Over the summer, Wilson presented a selection of his paper at the State Bar of Texas’s Advanced Criminal Law Seminar in San Antonio, TX on the subject of Conviction Integrity. He highlighted the history of conviction integrity units across the country, the standards and procedures used by units to select and evaluate cases, the legal standard for actual innocence as well as the impact units can have when choosing to decline or accept a case. The public rightfully applauds when an innocent man goes free, however, Wilson also addressed the flipside of exonerations, drawing attention to the victims’ anguish. Victims place a tremendous amount of confidence in the result of the legal proceedings, and thus an exoneration means the real perpetrator has not been caught or punished.

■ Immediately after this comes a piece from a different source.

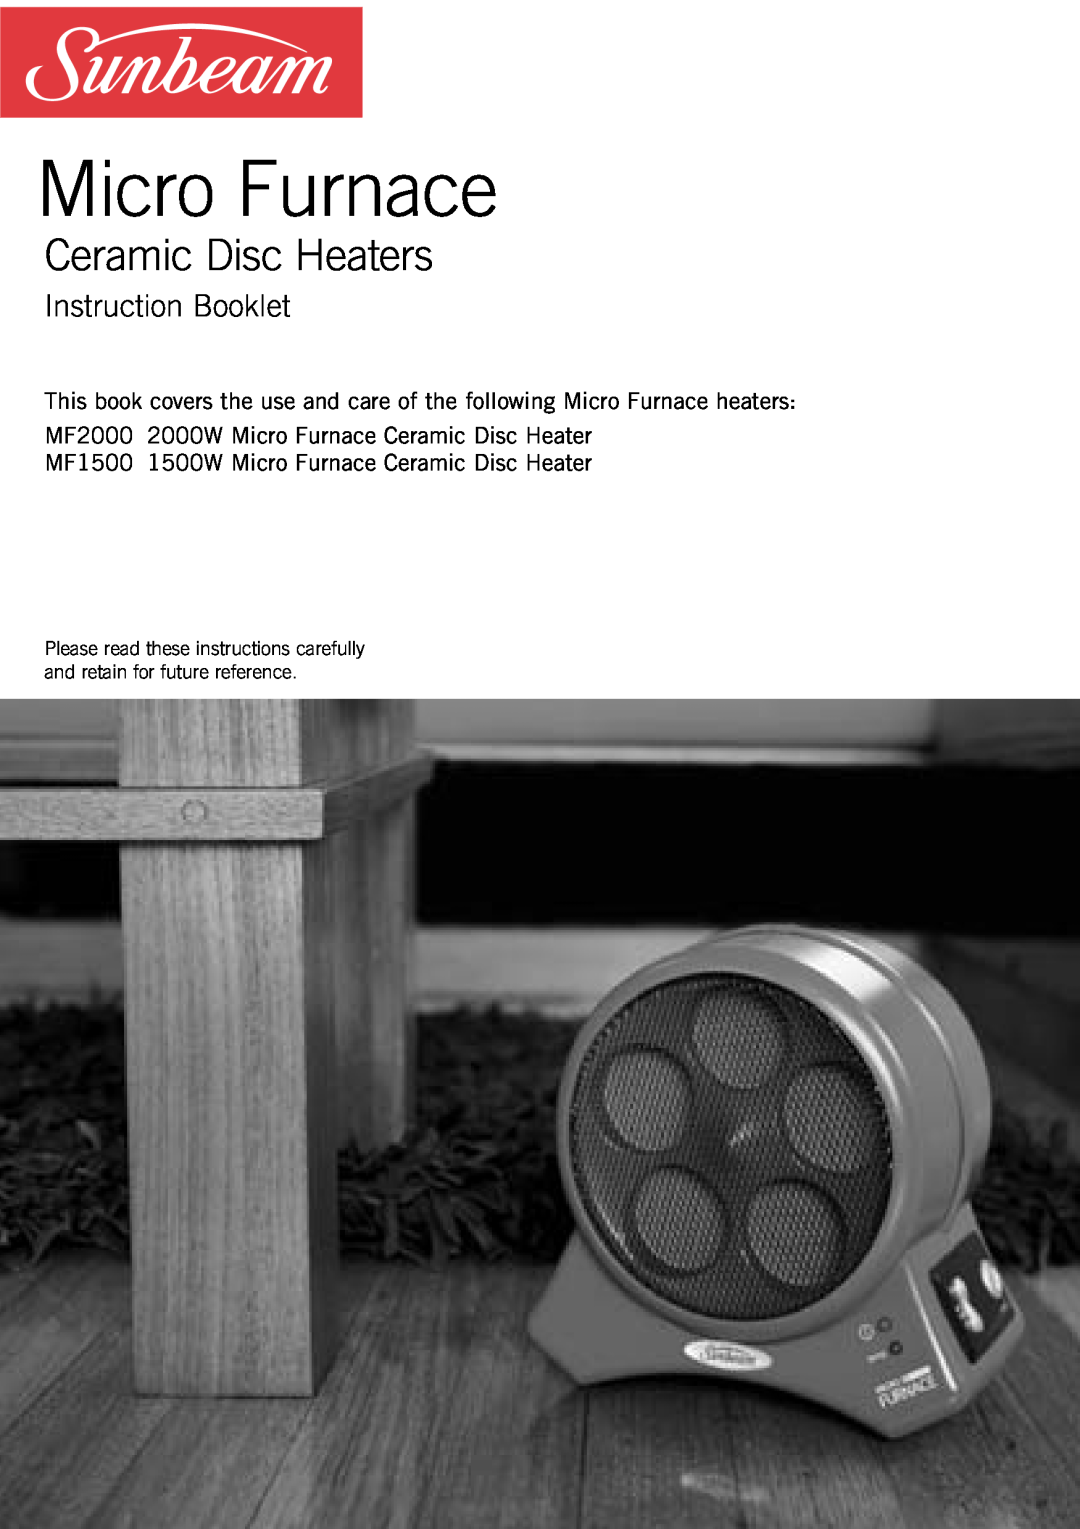 Sunbeam Bedding MF1500, MF2000 manual Instruction Booklet, Micro Furnace, Ceramic Disc Heaters

Wilson emphasized that the “circle of justice” must be closed by vigorously pursuing actual perpetrators where possible, as the prosecutor’s duty is to see that justice is done. Lastly, he shared his thoughts on the main purpose of conviction integrity units, stating “…the units assist in restoring credibility in a criminal justice system that historically lags in advancement and improvement of the quality of justice that our citizens deserve,”- urging his colleagues to integrate these lessons into their approach to criminal justice.

Although back in private practice, Wilson continues to play a vital role in the wrongful conviction crusade through consulting on cases and lecturing on the matter. Wilson also serves on the board of the Innocence Project of Texas.

On September 25, Wilson will speak at the Northern California Innocence Project’s symposium- In the Interest of Justice: Conviction Review Programs.